▶ _ASSIGNMENT_
The whole listing should come back exactly as written, except for the pictures.

▶ _DATASET CONTENT_
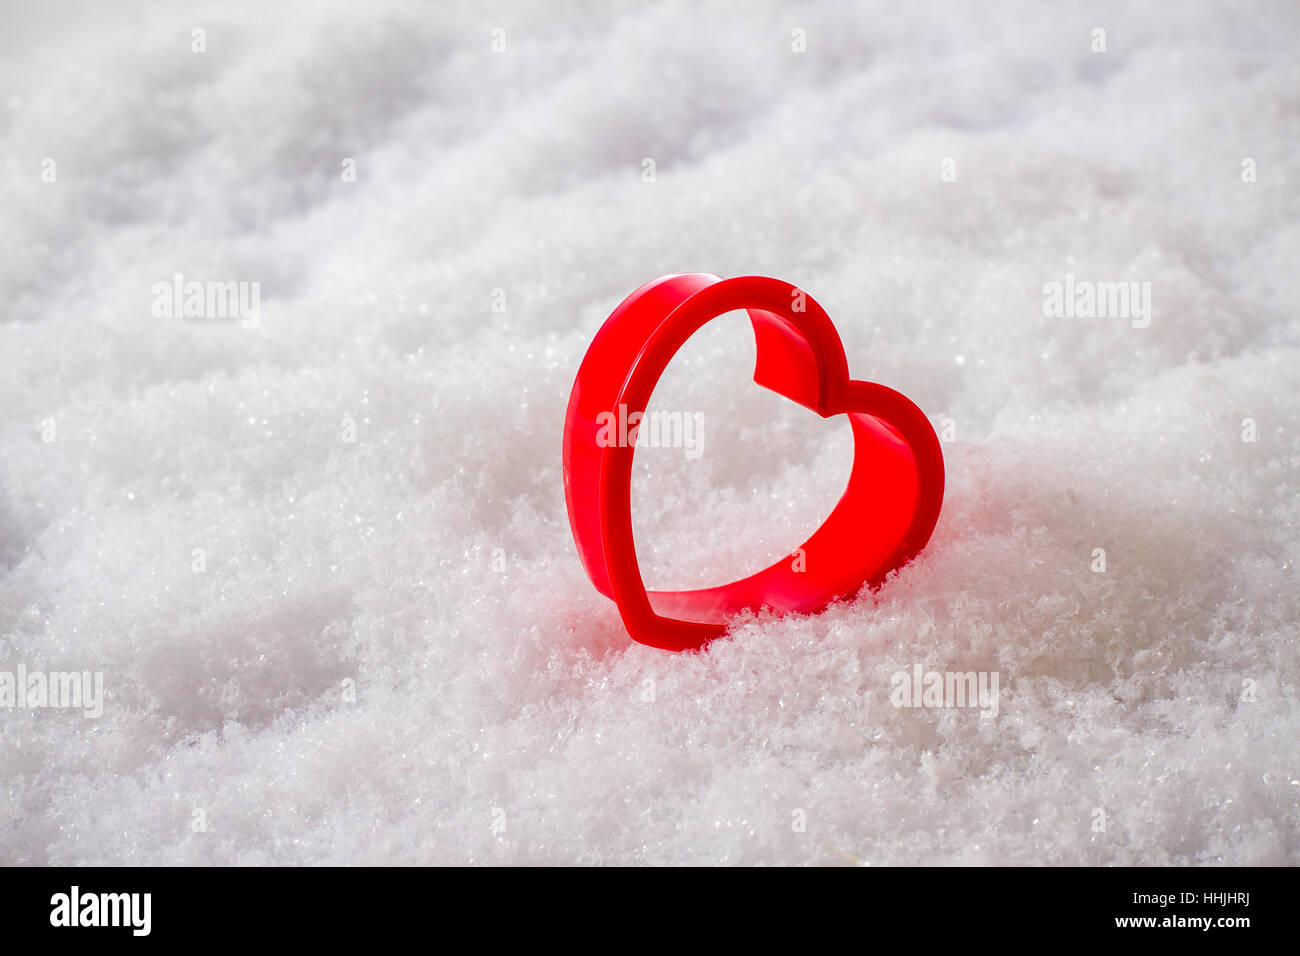 Unico cuore rosso nella neve, vista dall'alto Foto Stock
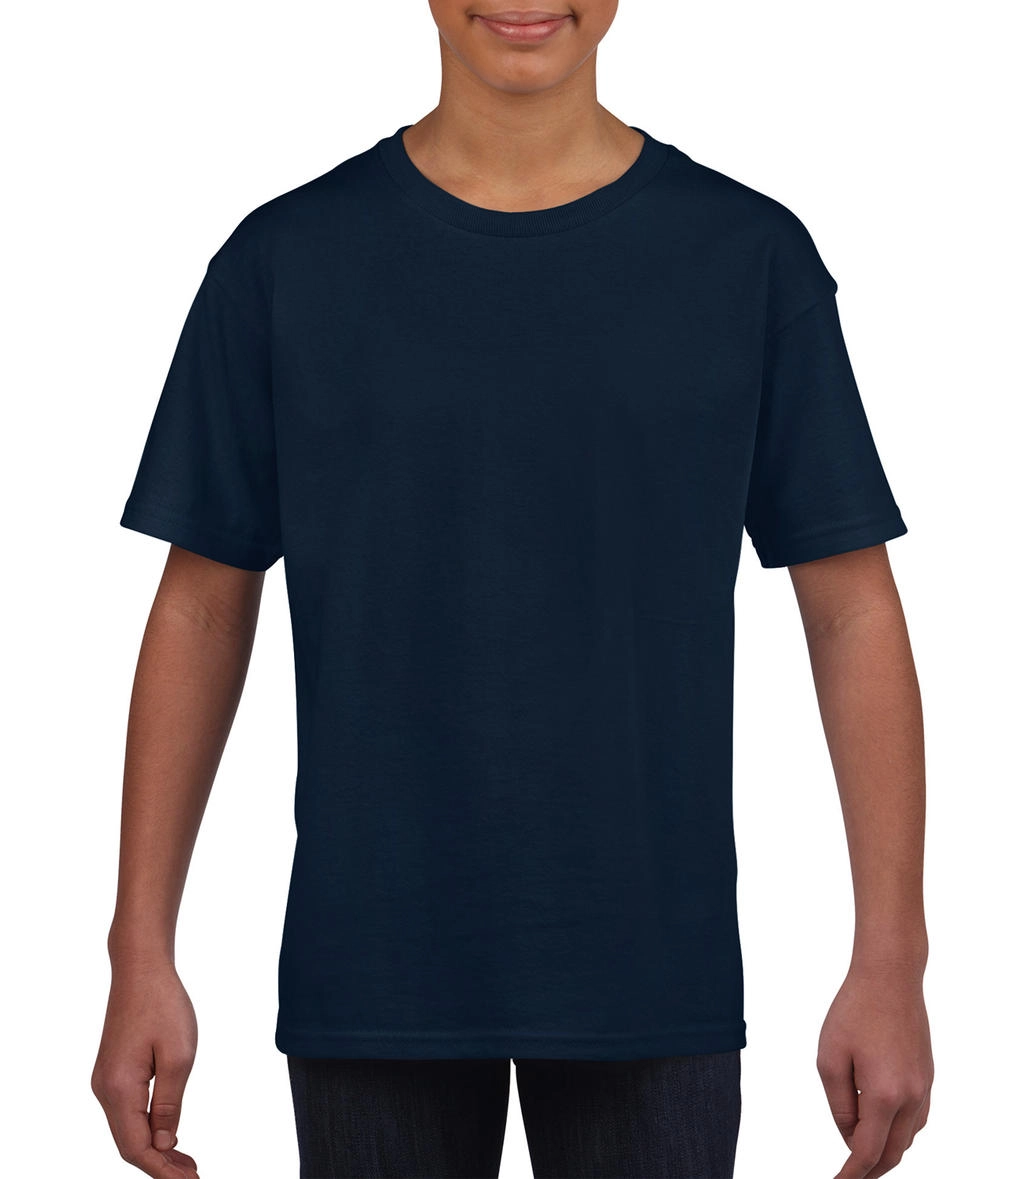 Softstyle® Youth T-Shirt zum Besticken und Bedrucken in der Farbe Navy mit Ihren Logo, Schriftzug oder Motiv.
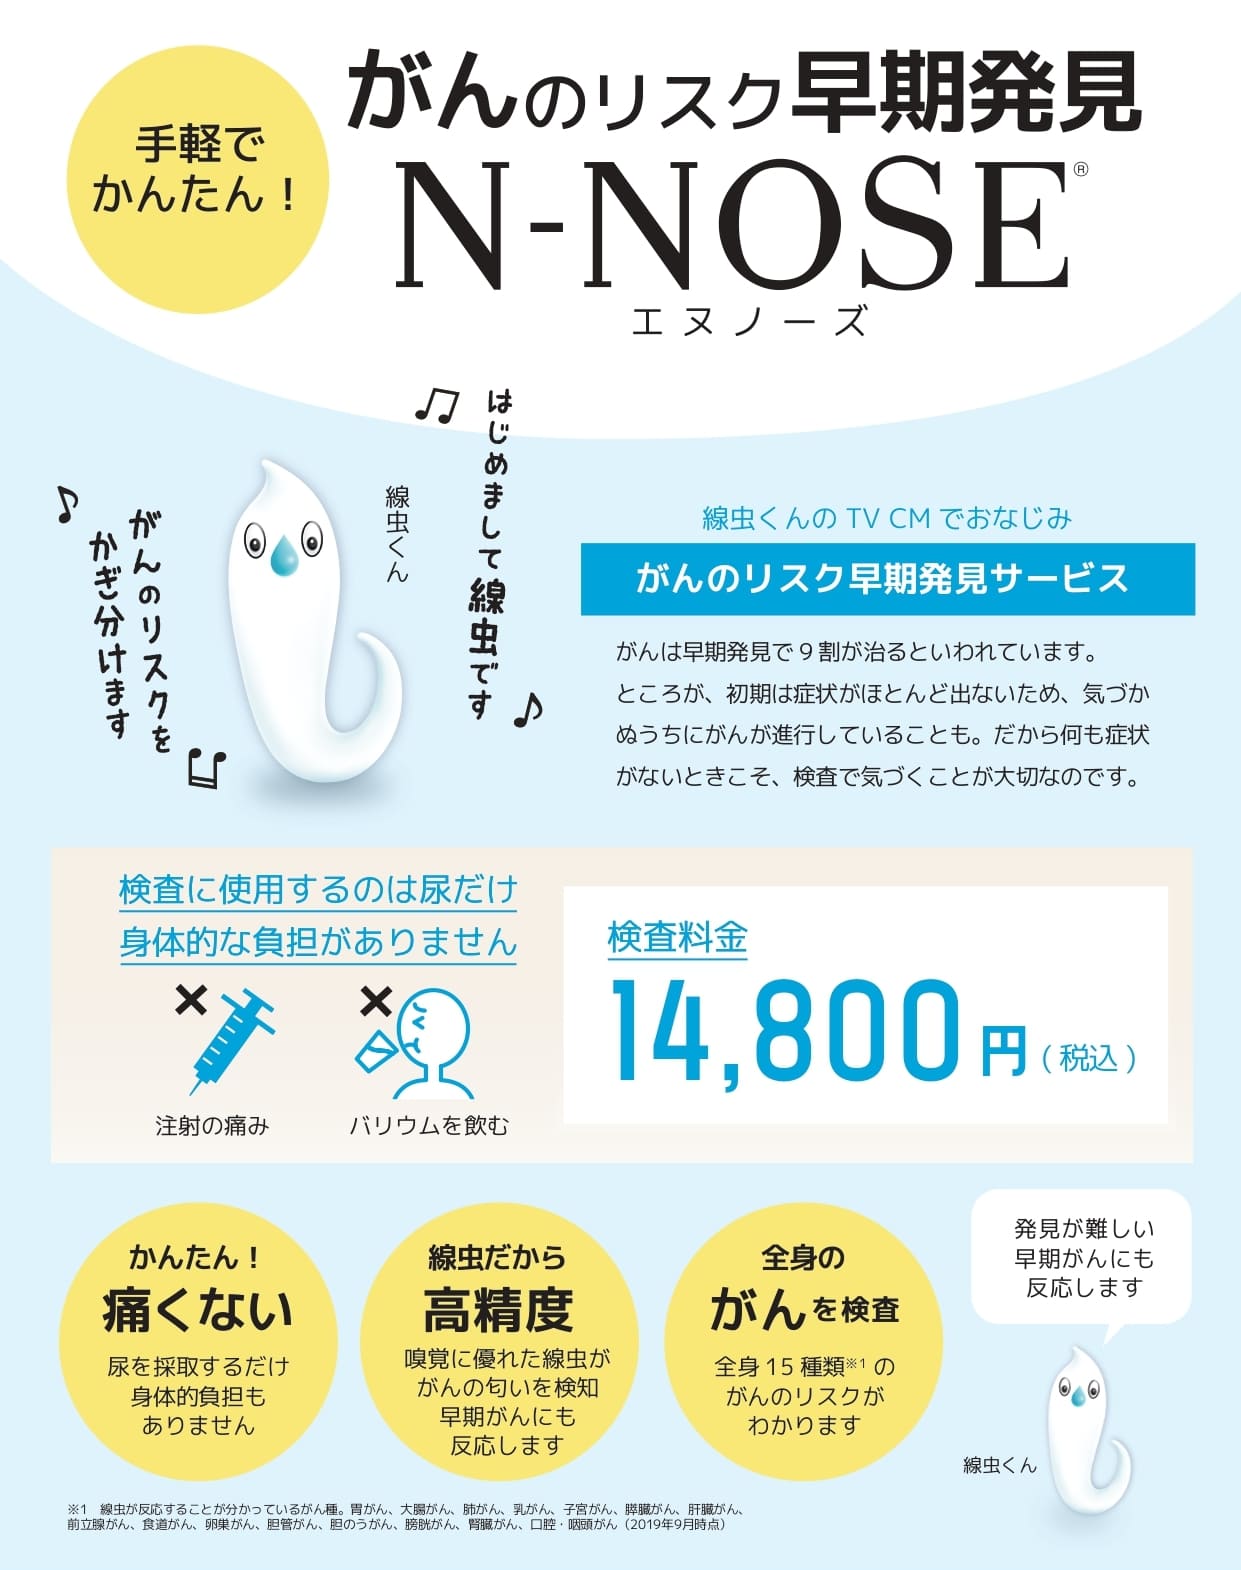 N-NOSE

▶ _FINAL ANSWER_
 Unico cuore rosso nella neve, vista dall'alto Foto Stock
 Softstyle® Youth T-Shirt zum Besticken und Bedrucken in der Farbe Navy mit Ihren Logo, Schriftzug oder Motiv.
 N-NOSE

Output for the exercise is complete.